GIVEN DATA:
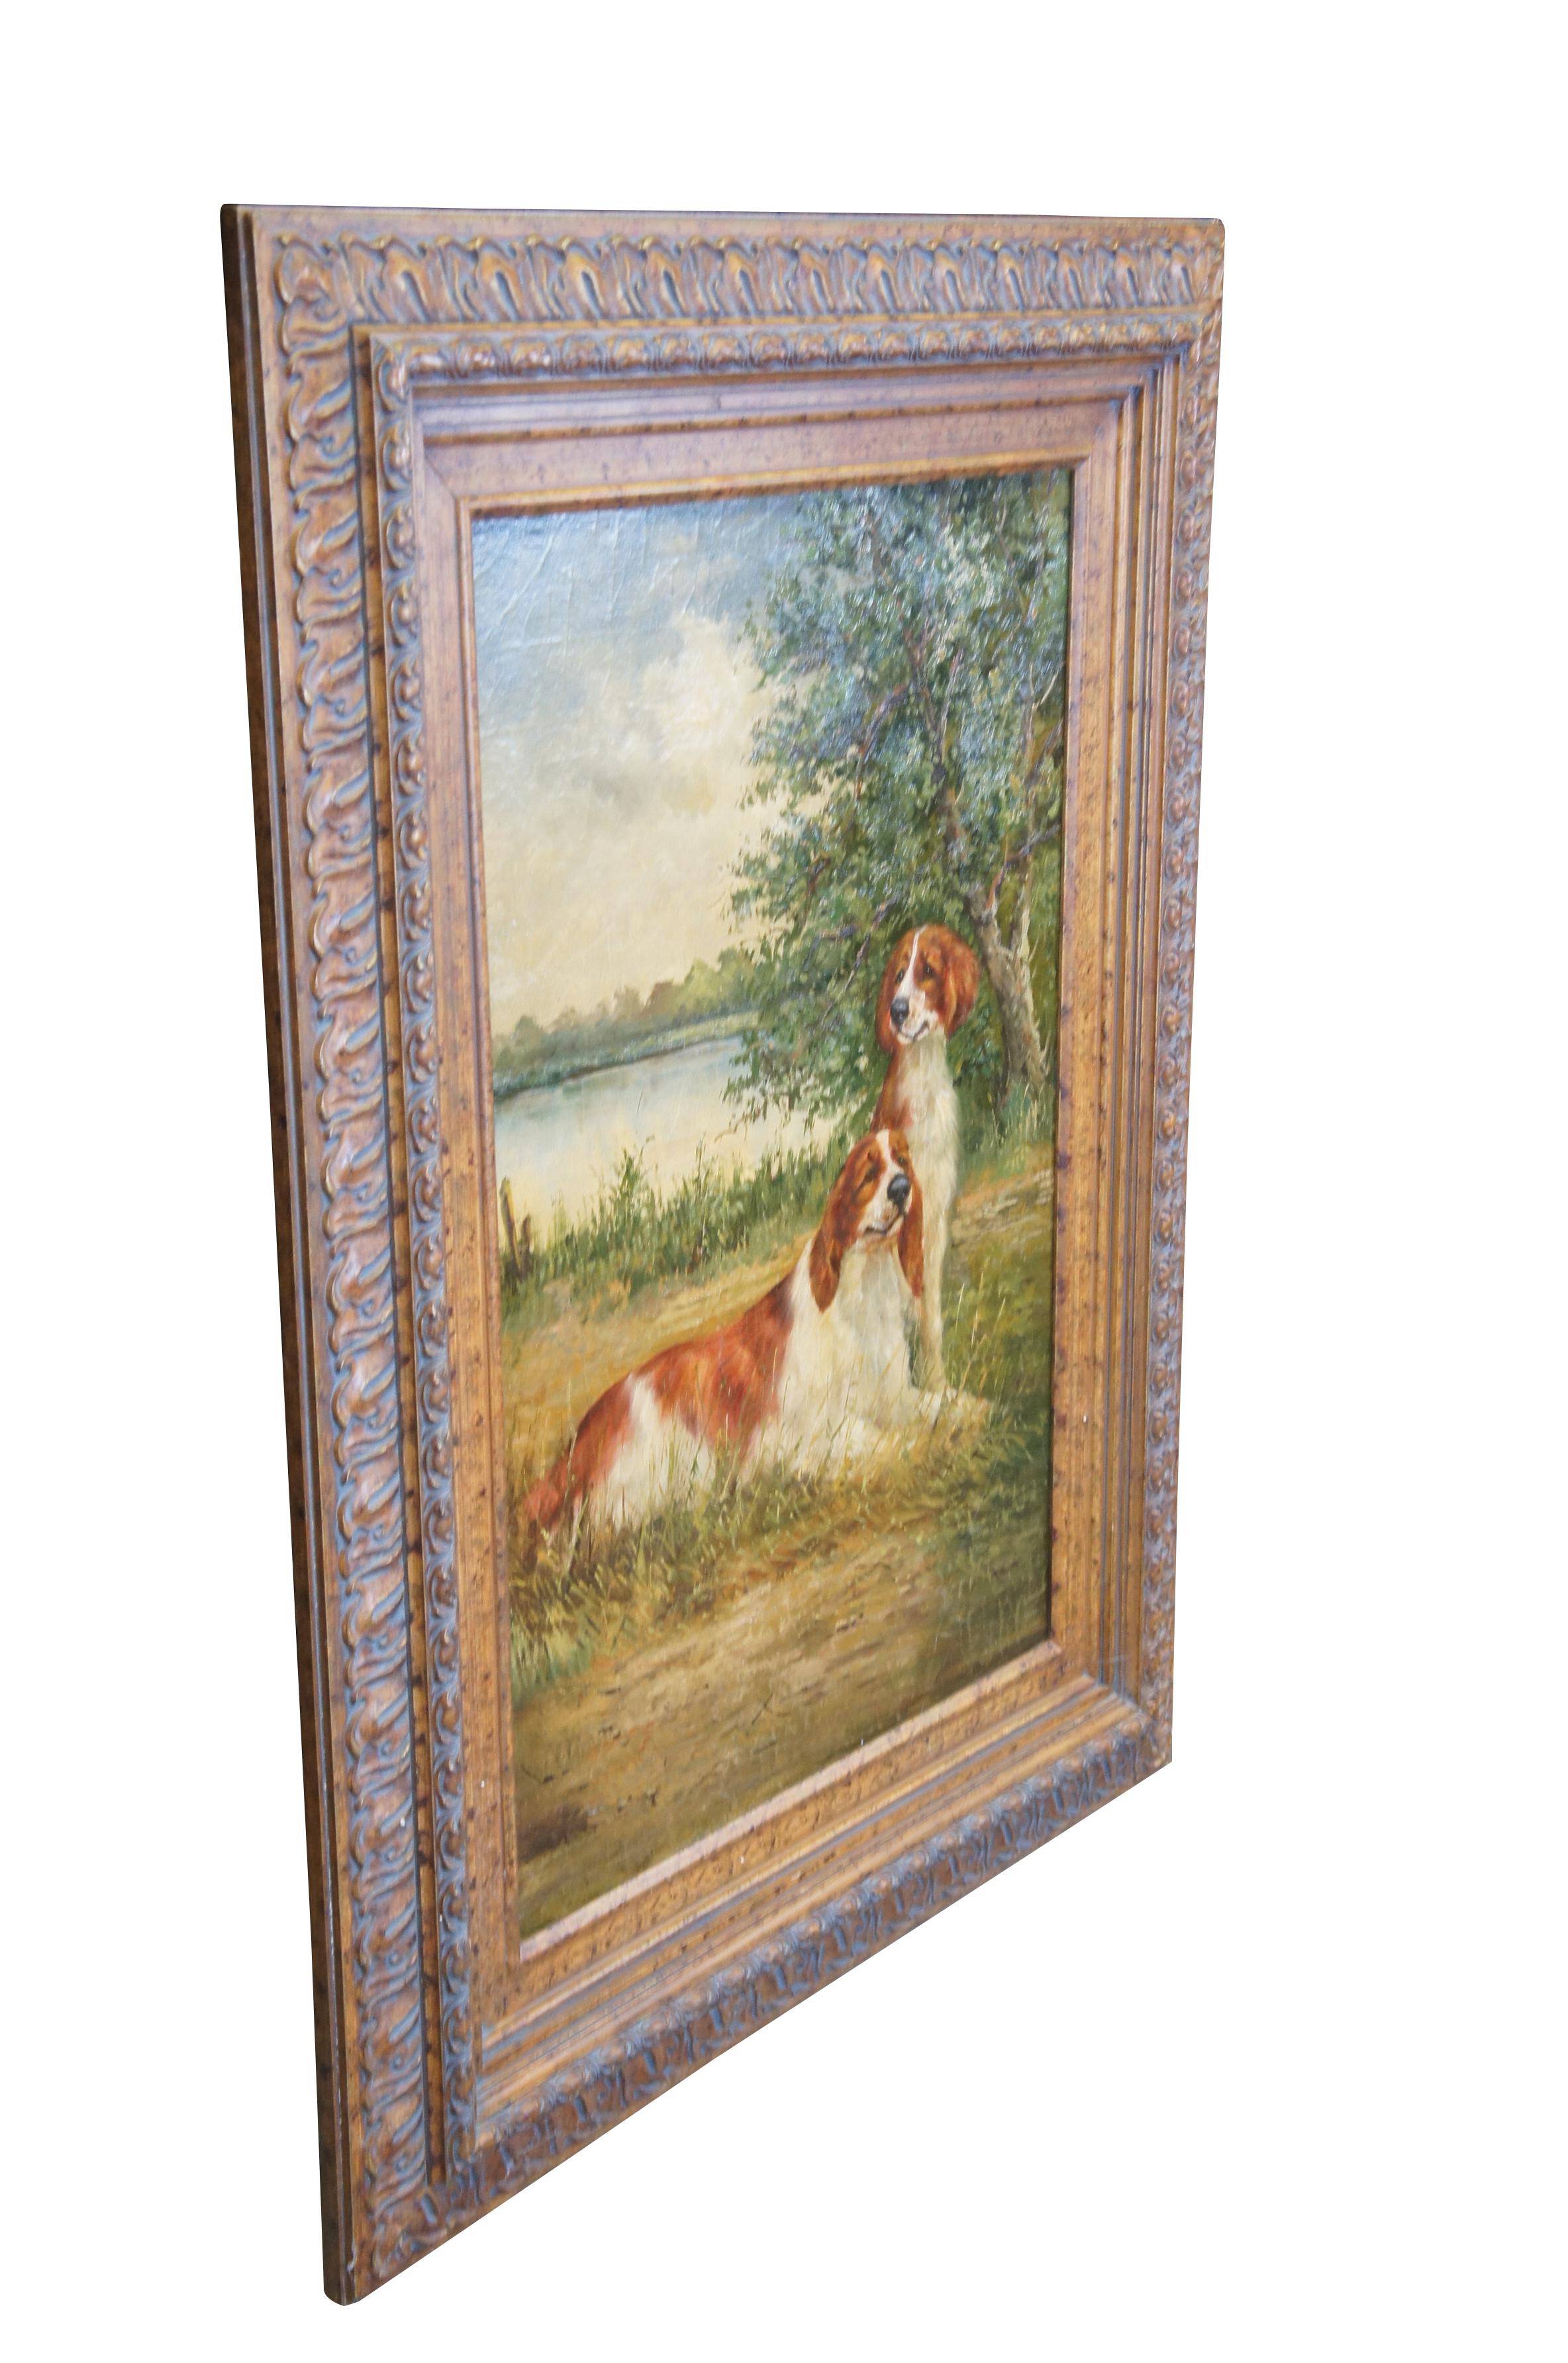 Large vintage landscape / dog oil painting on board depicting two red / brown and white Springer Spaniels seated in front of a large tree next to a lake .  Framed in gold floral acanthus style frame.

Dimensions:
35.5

YOUR INSTRUCTIONS:
Exclude the images and output the lines above exactly.

WRITTEN REPLY:
 Large vintage landscape / dog oil painting on board depicting two red / brown and white Springer Spaniels seated in front of a large tree next to a lake .  Framed in gold floral acanthus style frame.

Dimensions:
35.5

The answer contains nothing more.